Тогда при изменившихся обстоятельствах (а обстоятельства с тех пор действительно радикально переменились) оно неизбежно включит соответственно раздражение и противодействие. Быть может, это и есть, по крайней мере, одна из причин, по которой Солженицын такого сочувственного понимания от нас не ждет и не хочет.
Во всяком случае остается верным, что анализируя солженицынское отношение к миру, мы лучше познаем себя. Потому что дорога, по которой он отходит от европейского классического наследия, ведет его к Библии, источнику классическому для нас. И здесь лежат семена драматического конфликта, потому что невозможно читать Библию, не сопоставляя ее с реально существующим, вопреки всему, еврейским племенем. А такое сопоставление оставляет писателю слишком узкий путь между общенародной русской жаждой Богоизбрания и верностью букве Писания, заложенного в фундамент, так называемой, иудео-христианской цивилизации.

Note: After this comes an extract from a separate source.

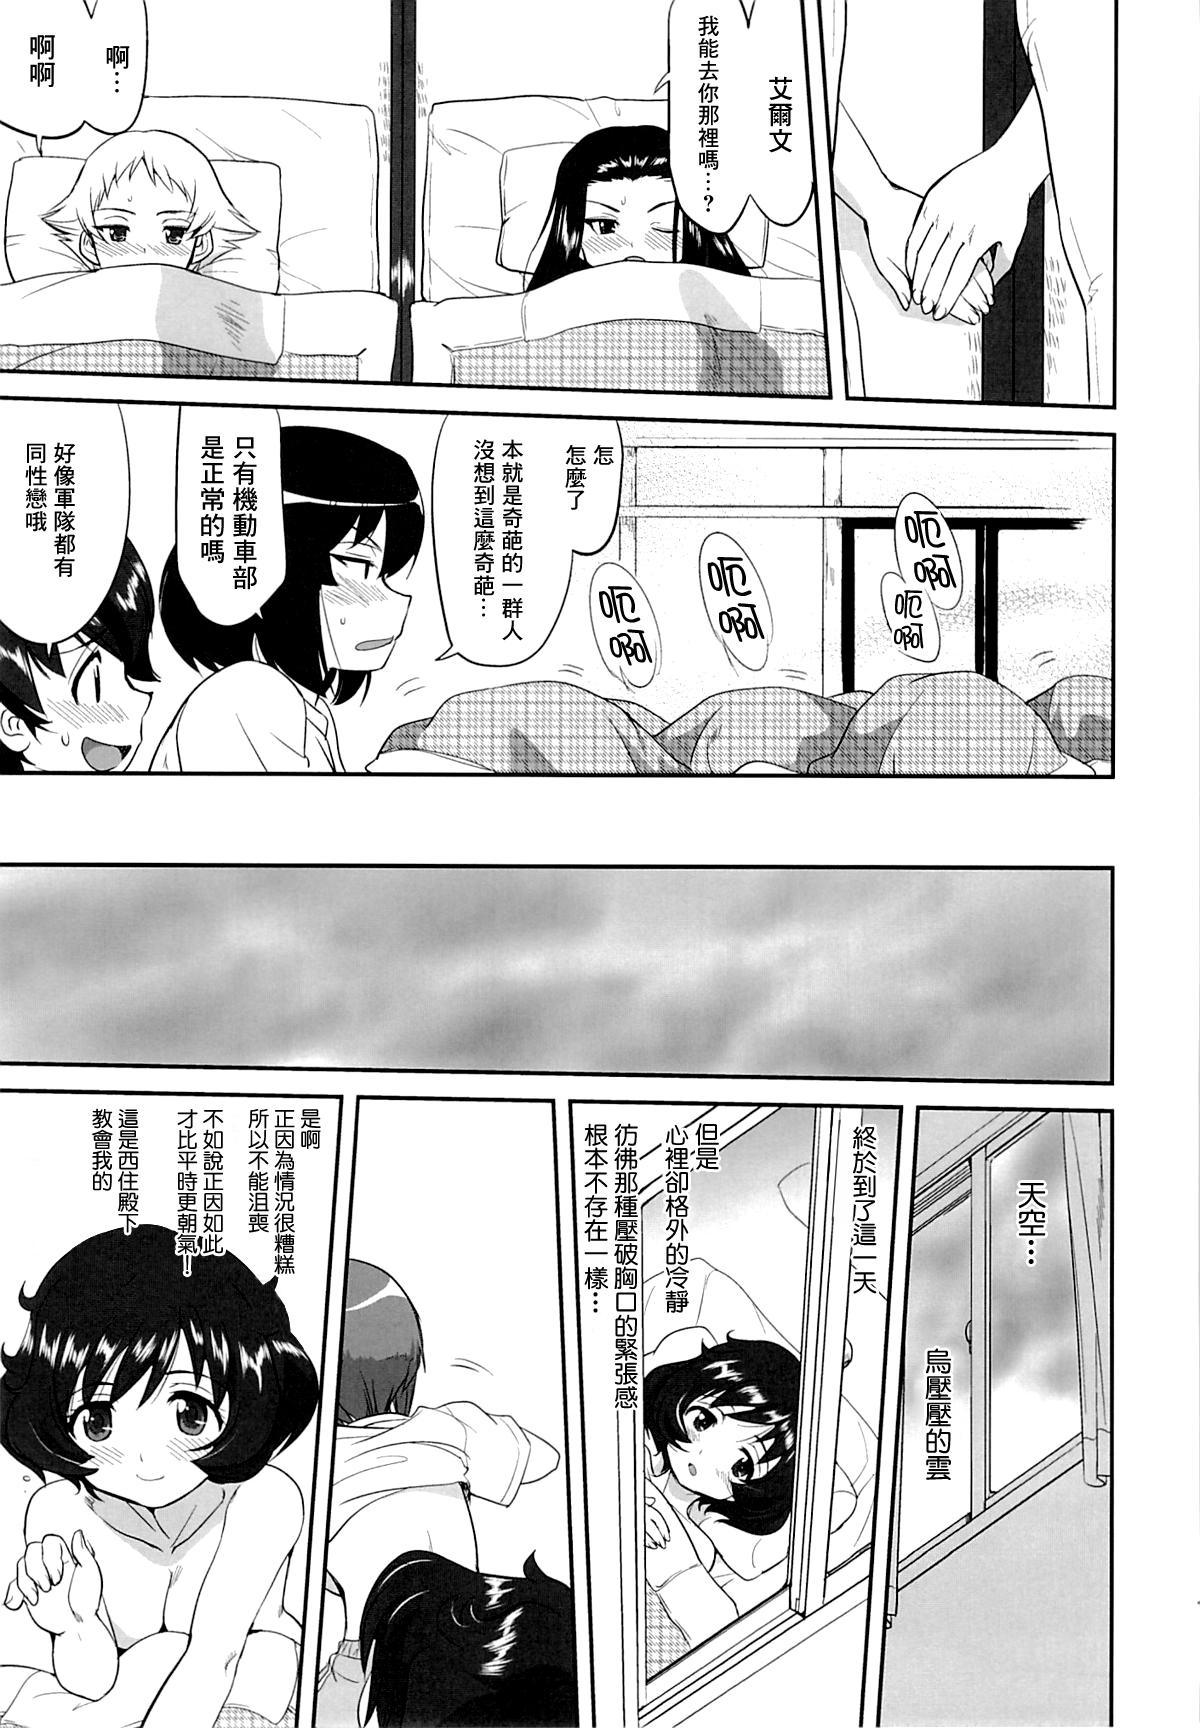 Yukiyukite Senshadou Kuromorimine no Tatakai 15
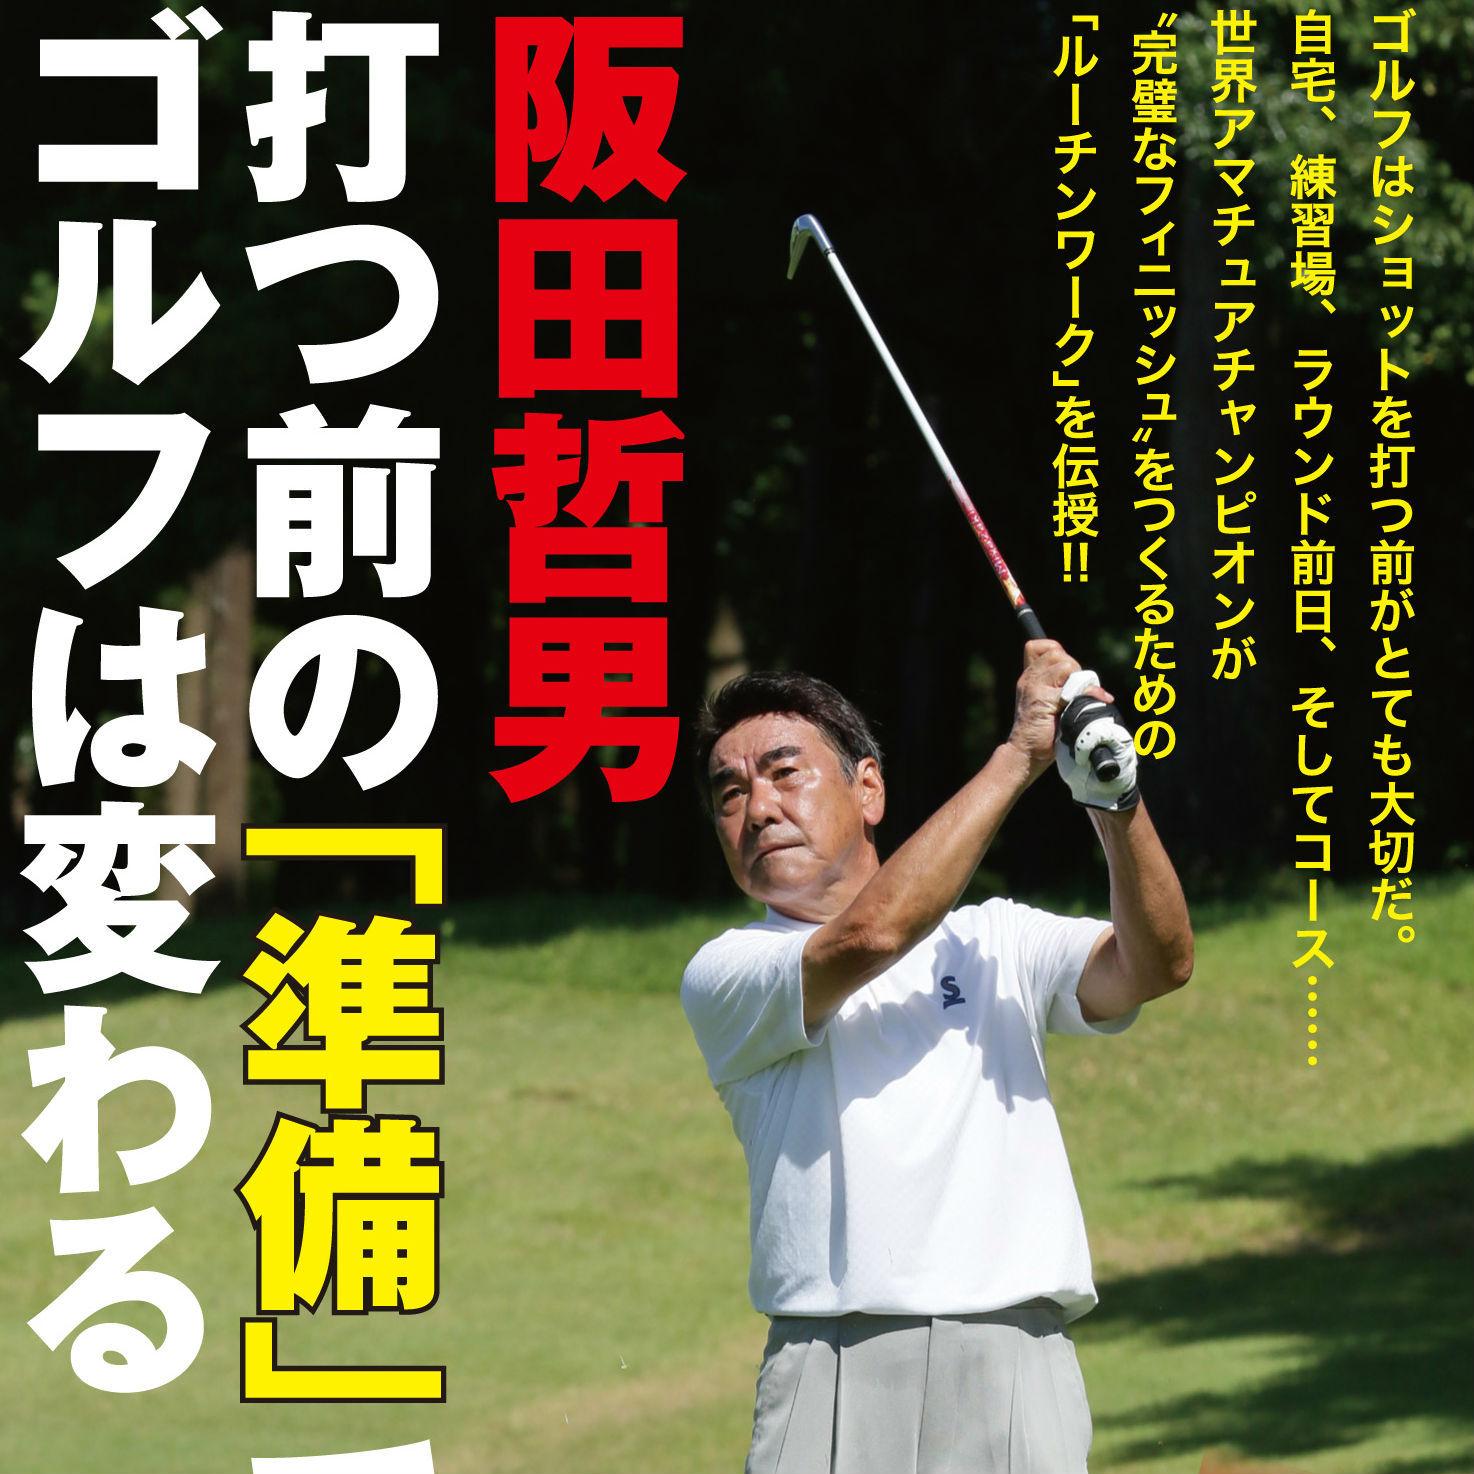 ゴルフは「余裕を持った行動」がいいリズムをつくる!阪田哲男氏の言葉。

В сознании христианского писателя, независимо от его воли, оживает неразрешимая дилемма пророка Валаама: двойное побуждение - импульсивное намерение проклясть евреев и несформулированная (читатель, возможно, ожидает слова "подсознательная", но здесь уместнее над-сознательная) тяга благословить их.
Этой неразрешимостью Александр Солженицын и поделился с читателем в своей последней книге. "200 лет" - книга не о евреях. Эта книга о России - о себе, в сущности. Поэтому нет смысла останавливаться на ошибках (или искажениях) в истории евреев, которые якобы допустил автор. Oшибки эти укоренены в сознании писателя (и огромного множества его читателей) глубже, чем его интерес к фактической истории.
Нет сомнения, что в Российской Империи евреи были во всех отношениях нежелательным элементом. До тех пор, пока жизнь народов будет оцениваться с точки зрения имперских интересов и в пределах русской цивилизационной модели, такие расхождения неизбежны. В терминах культуры, которая воспринимает, например, торговлю и денежные отношения, как низкую материю, нет смысла обсуждать правильность описания роли евреев в экономической жизни.
Солженицына совсем не заинтересовала не менее драматическая (и окончившаяся также массовым исходом) история 300-т лет русско-немецкого сосуществования. Он не высказался по поводу татарского ига. В отечественной истории его волнует только то, что он видит как фундаментальное.
Он возвращает внимание читателя к той исходной точке, на которой застал Россию П.Чаадаев. С жадным, ревнивым (и зачастую несправедливым) вниманием он сравнивает двухсотлетнюю историю своего народа с параллельным развитием еврейского мень-шинства, жившего в почти родственной близости, на самом пределе ассимиляции и все же сохранившего свою обособленность. Он силится рационально разрешить историческую загадку, которая остается неразгаданной уже тысячи лет.
В "Архипелаге ГУЛАГ" Солженицын хорошо понимал, кого клеймил, к чему призывал, и голос его звучал непререкаемой пророческой уверенностью. В последней же книге, особенно во втором томе "200 лет", пытаясь распутать переплетающиеся в столе-тиях нити скрытых обид и открытых притеснений, он и сам заколебался - может быть впервые в своем творчестве - знает ли он, что хочет выразить?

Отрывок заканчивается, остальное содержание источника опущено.